Schema-based multi-tenancy with Spring Data, Hibernate and Flyway
Multi-tenancy is an architectural pattern that allows multiple tenants to use a single instance of software,
the purpose of which is to provide each tenant with a dedicated share of the instance but to isolate the information belonging to each tenant.

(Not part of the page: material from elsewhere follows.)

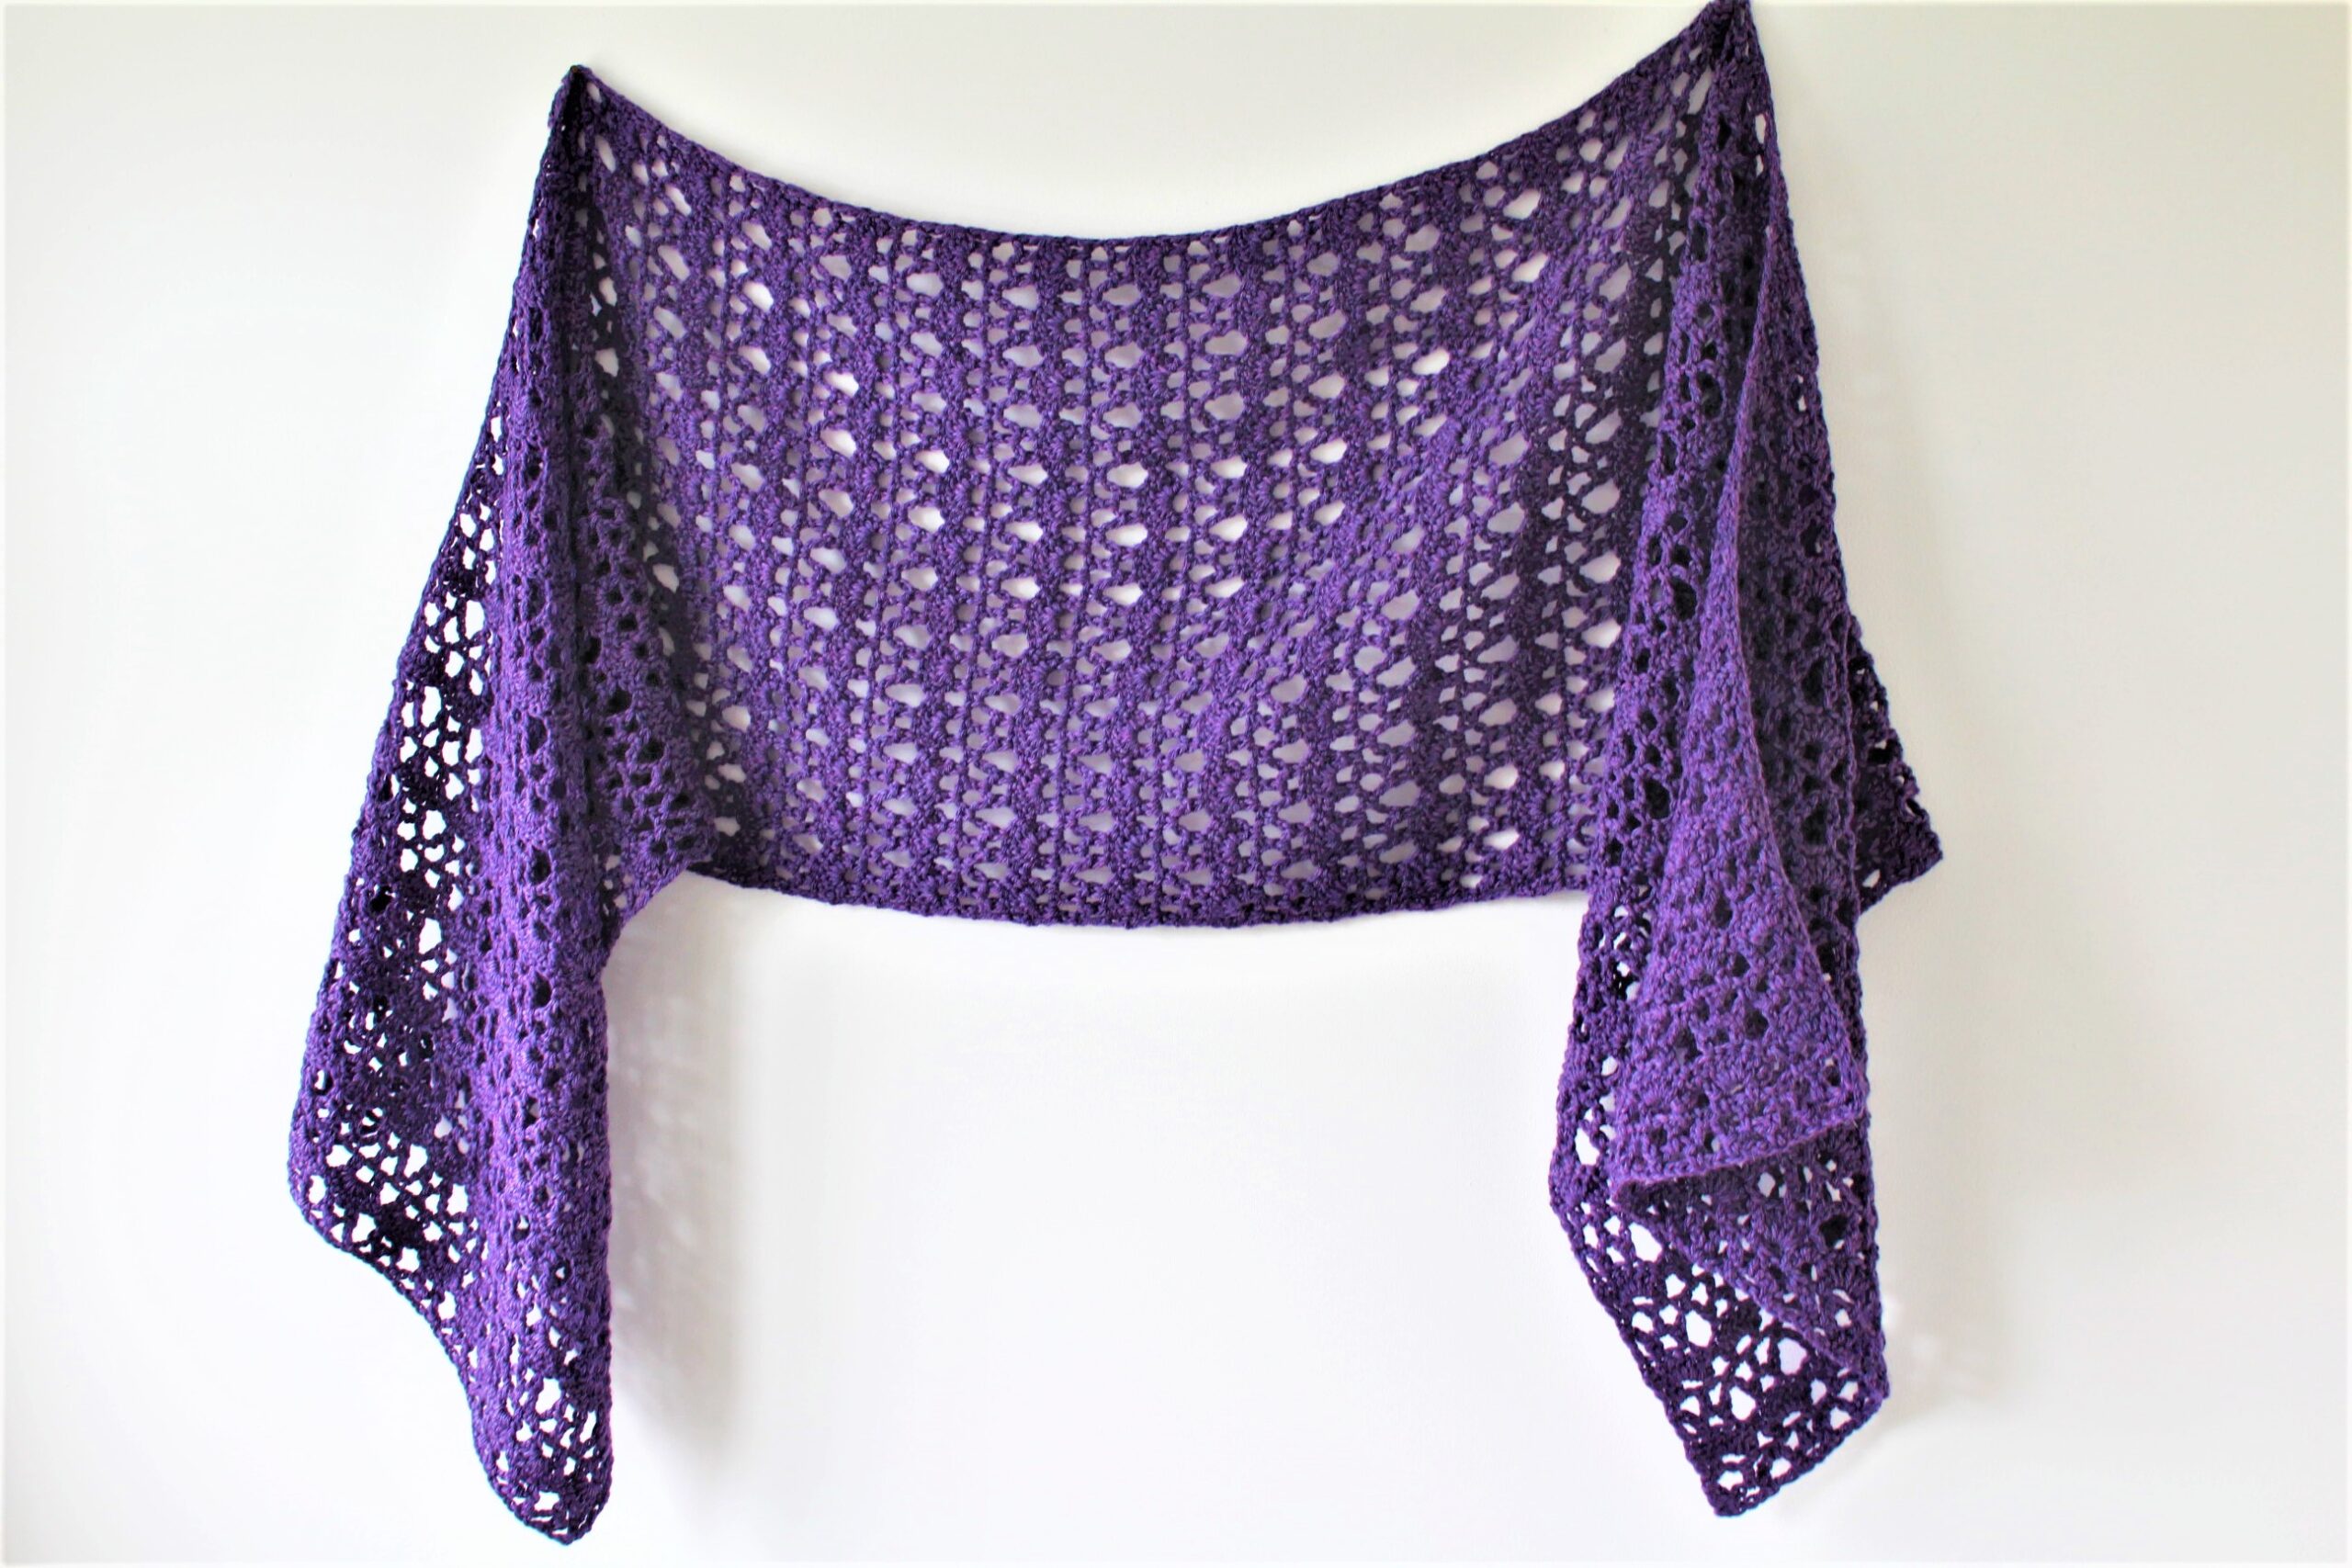 Main image of the Alice Shawl - Free crochet pattern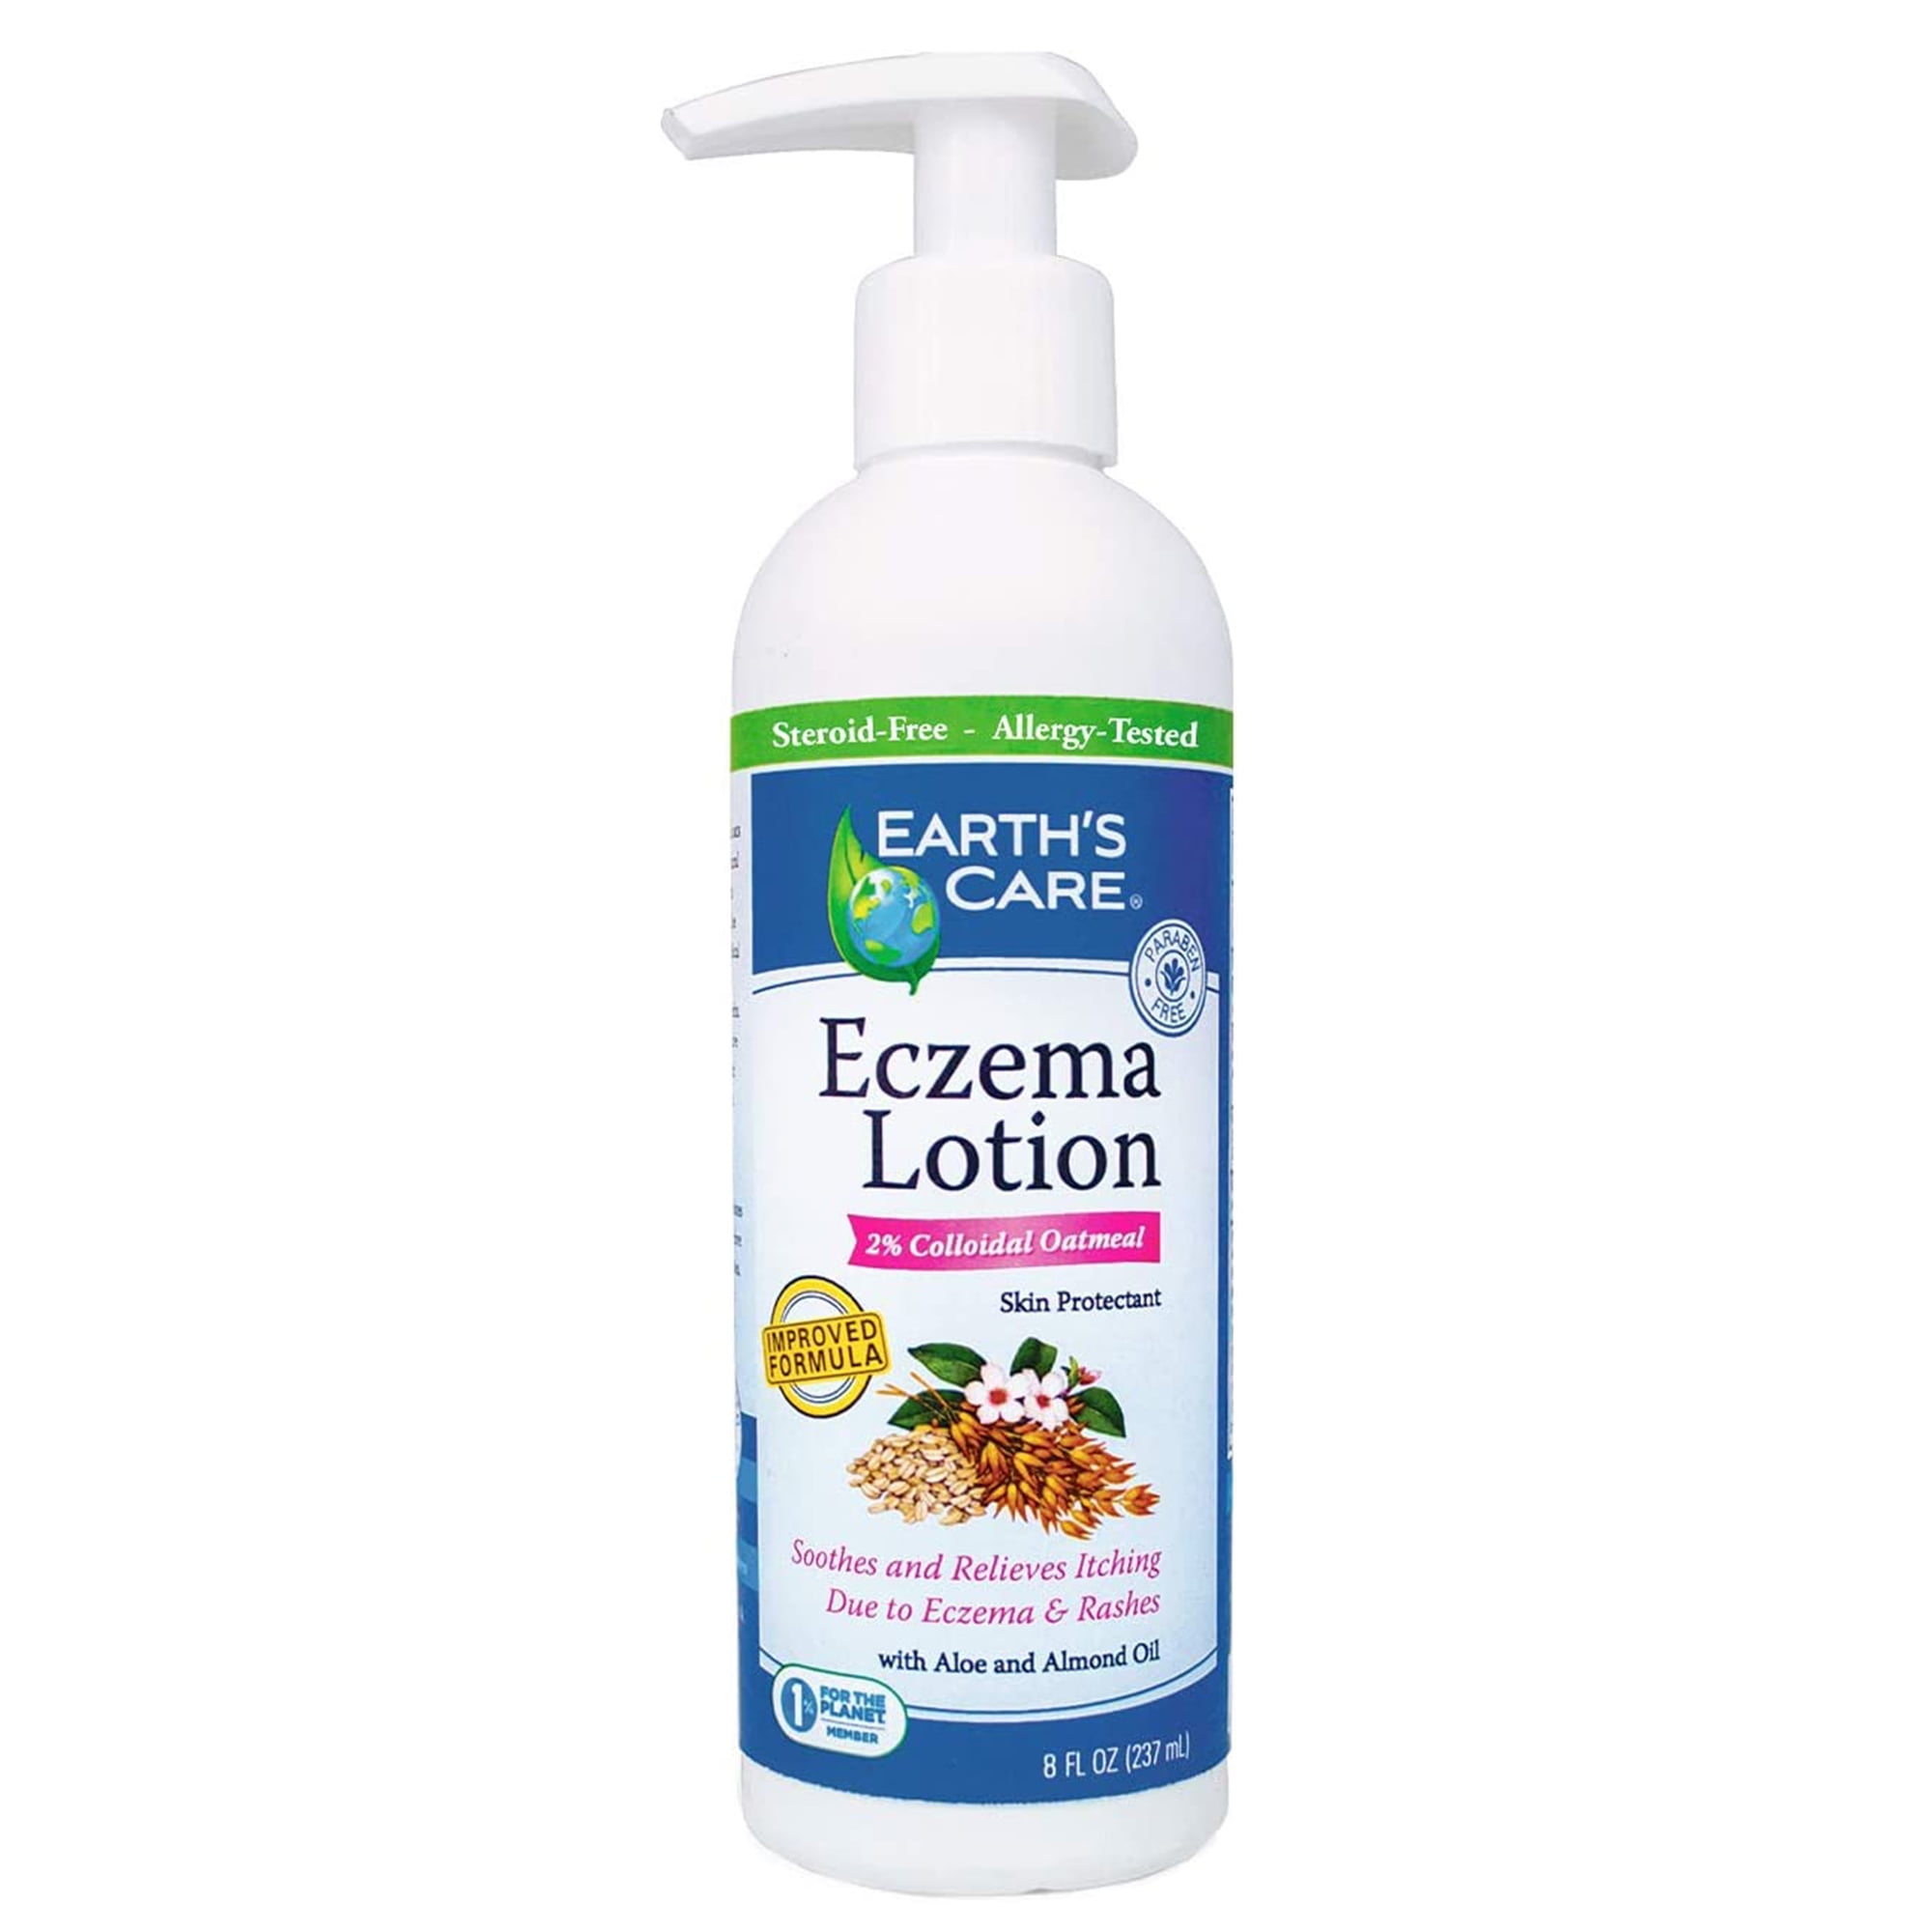 Eczema Relief with Colloidal Oatmeal – Avalon Organics

In this tutorial, we are going to look at how to implement schema-based multi-tenancy in Spring Boot application.
1. Project
We will start by creating a simple RESTful web service, protected by Spring Security, that will use Spring Data JPA to persist data in the embedded H2 database.
1.1. Maven Dependencies
First, we add the necessary dependencies to pom.xml
:
<dependency>
<groupId>org.springframework.boot</groupId>
<artifactId>spring-boot-starter-web</artifactId>
</dependency>
<dependency>
<groupId>org.springframework.boot</groupId>
<artifactId>spring-boot-starter-data-jpa</artifactId>
</dependency>
<dependency>
<groupId>org.springframework.boot</groupId>
<artifactId>spring-boot-starter-security</artifactId>
</dependency>
<dependency>
<groupId>com.h2database</groupId>
<artifactId>h2</artifactId>
<scope>runtime</scope>
</dependency>
1.2. Entities
Next, we create entity classes that represent our domain objects:
@Entity
public class User implements UserDetails {
@Id
@GeneratedValue(strategy = GenerationType.IDENTITY)
private Long id;
@Column(unique = true)
private String username;
@JsonProperty(access = JsonProperty.Access.WRITE_ONLY)
private String password;
// getters, setters and overriden methods from UserDetails
}
@Entity
public class Note {
@Id
@GeneratedValue(strategy = GenerationType.IDENTITY)
private Long id;
private String text;
// getters and setters
}
1.3. Repositories
Then we define CRUD repositories for the entities:
@Repository
public interface UserRepository extends CrudRepository<User, Long> {
Optional<User> findByUsername(String username);
}
@Repository
public interface NoteRepository extends CrudRepository<Note, Long> {
}
1.4. Services
Now we can implement some logic in the service layer:
@Service
public class UserService implements UserDetailsService {
private UserRepository repository;
private PasswordEncoder encoder;
public UserService(UserRepository repository) {
this.repository = repository;
this.encoder = PasswordEncoderFactories.createDelegatingPasswordEncoder();
}
public User createUser(User user) {
String encodedPassword = encoder.encode(user.getPassword());
user.setPassword(encodedPassword);
return repository.save(user);
}
@Override
public UserDetails loadUserByUsername(String username) throws UsernameNotFoundException {
return repository.findByUsername(username)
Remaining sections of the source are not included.